3D models are not only helpful to obtain data which are impossible to be measured on the specimen itself (like surface area), they may also help to obtain more reliable data even of 1D measurements by avoiding parallax errors. We asked 22 people (laypersons, students and skilled entomologists) to measure two simple distances between easily observable landmarks that differed in their susceptibility to parallax errors (width of scutellum (sc) and length of the tibia (ti) of the left hind leg) on a specimen of the dung beetle Anoplotrupes stercorosus, using both, a Keyence VHX-5000 digital microscope (=2D), and a 3D-model (=3D) of the same specimen (Fig. 18). Even with the ‘easy’ measurement of sc, we found remarkable differences in the measurements (in mm: 2D: mean 2.63, SD: 0.21, range: 2.32–3.11; 3D: mean 2.72, SD: 0.07, range: 2.58–2.87) which were even greater regarding ti (in mm: 2D: mean 6.11, SD: 0.51, range: 5.24–6.88; 3D: mean 6.61, SD: 0.07, range: 6.45–6.73). There was a strong person-effect for measurements taken with the microscope (Friedmann-test; 2D: χ² = 75, p < 0.001, df = 21), but not for measuring on the 3D model (Friedmann-test; 3D: χ² = 27, p = 0.14, df = 21), indicating that less training and care are necessary when measuring on the 3D model. Moreover, morphometric data measured on the 3D model were more reliable: the coefficient of variance (CV) of individual 2D microscopic measurements was more than three times higher for sc, and more than seven times higher for ti , as compared to 3D model measurements (sc: CV(2D) = 8.0%, CV(3D) = 2.5%, F-test: F = 9.87, p < 0.0001; ti: CV(2D) = 8.3%, CV(3D) = 1.1%, F = 49.69, p < 0.0001).

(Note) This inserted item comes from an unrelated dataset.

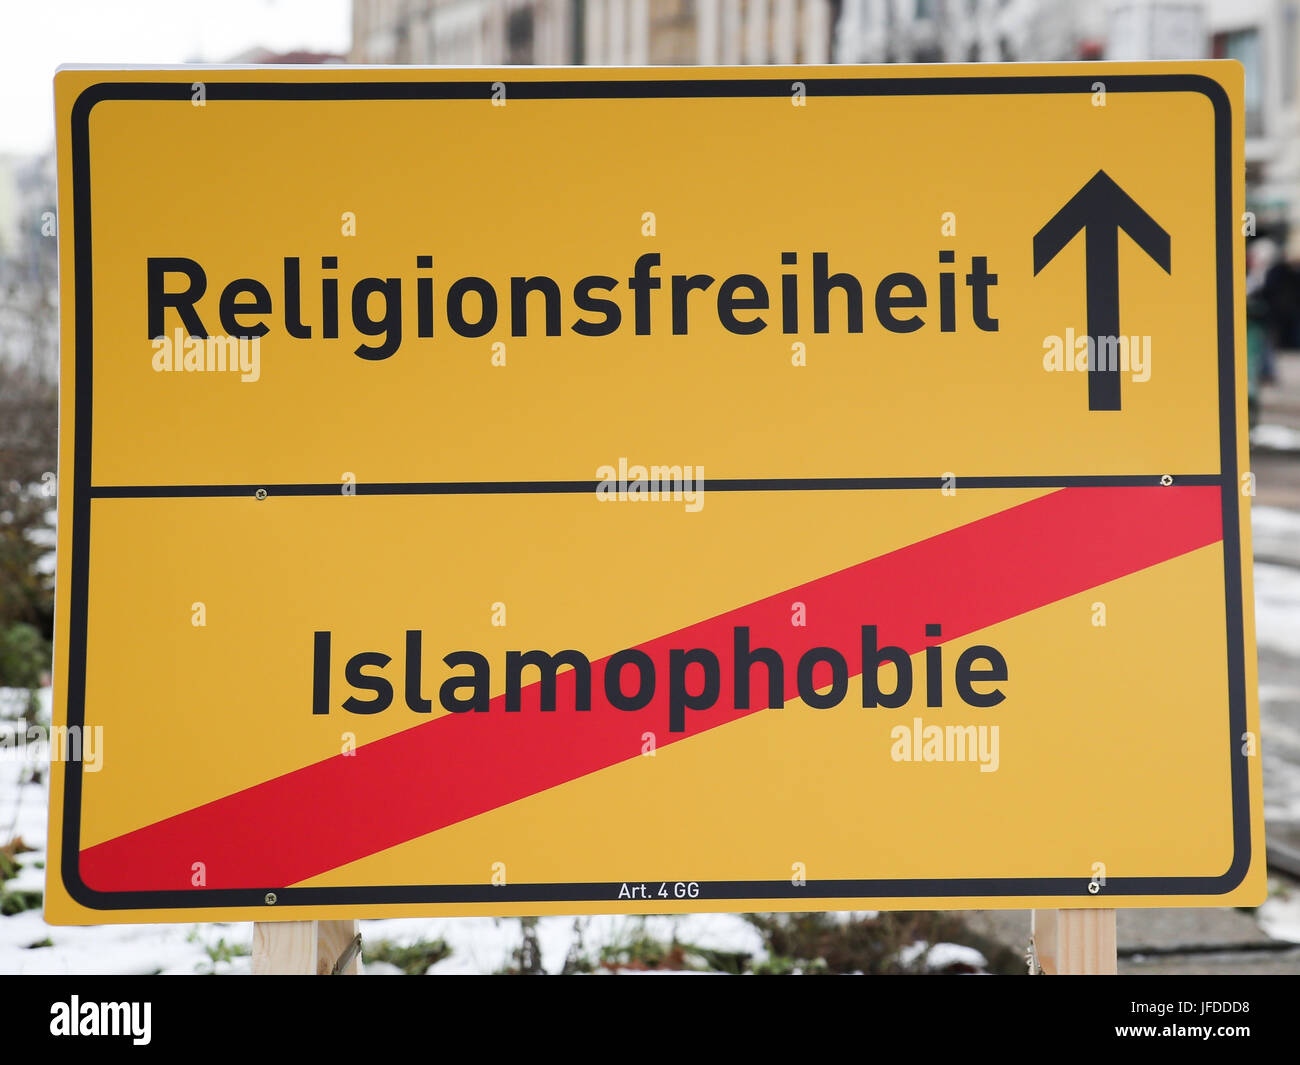 Religious freedom - Islamophobia Stock Photo

Due to observer errors, morphometric data can vary by more than 14% of the mean measured value (Viscardi et al. 2010), leading to the introduction of noise and potential bias when compiling composite datasets. We also observed a maximum deviation of 14% from the mean value of both, sc and ti when using the microscope. This error was strongly reduced to 5.5% (sc) and 2.4% (ti) when using the 3D model. Hence, morphometric measurements taken on 3D models do not only allow access to ‘new’ data (e.g., surface areas), they also provide more reliable and less error-prone data.

Figure 18. 

Interactive, textured 3D-model of Anoplotrupes stercorosus (21 mm body size).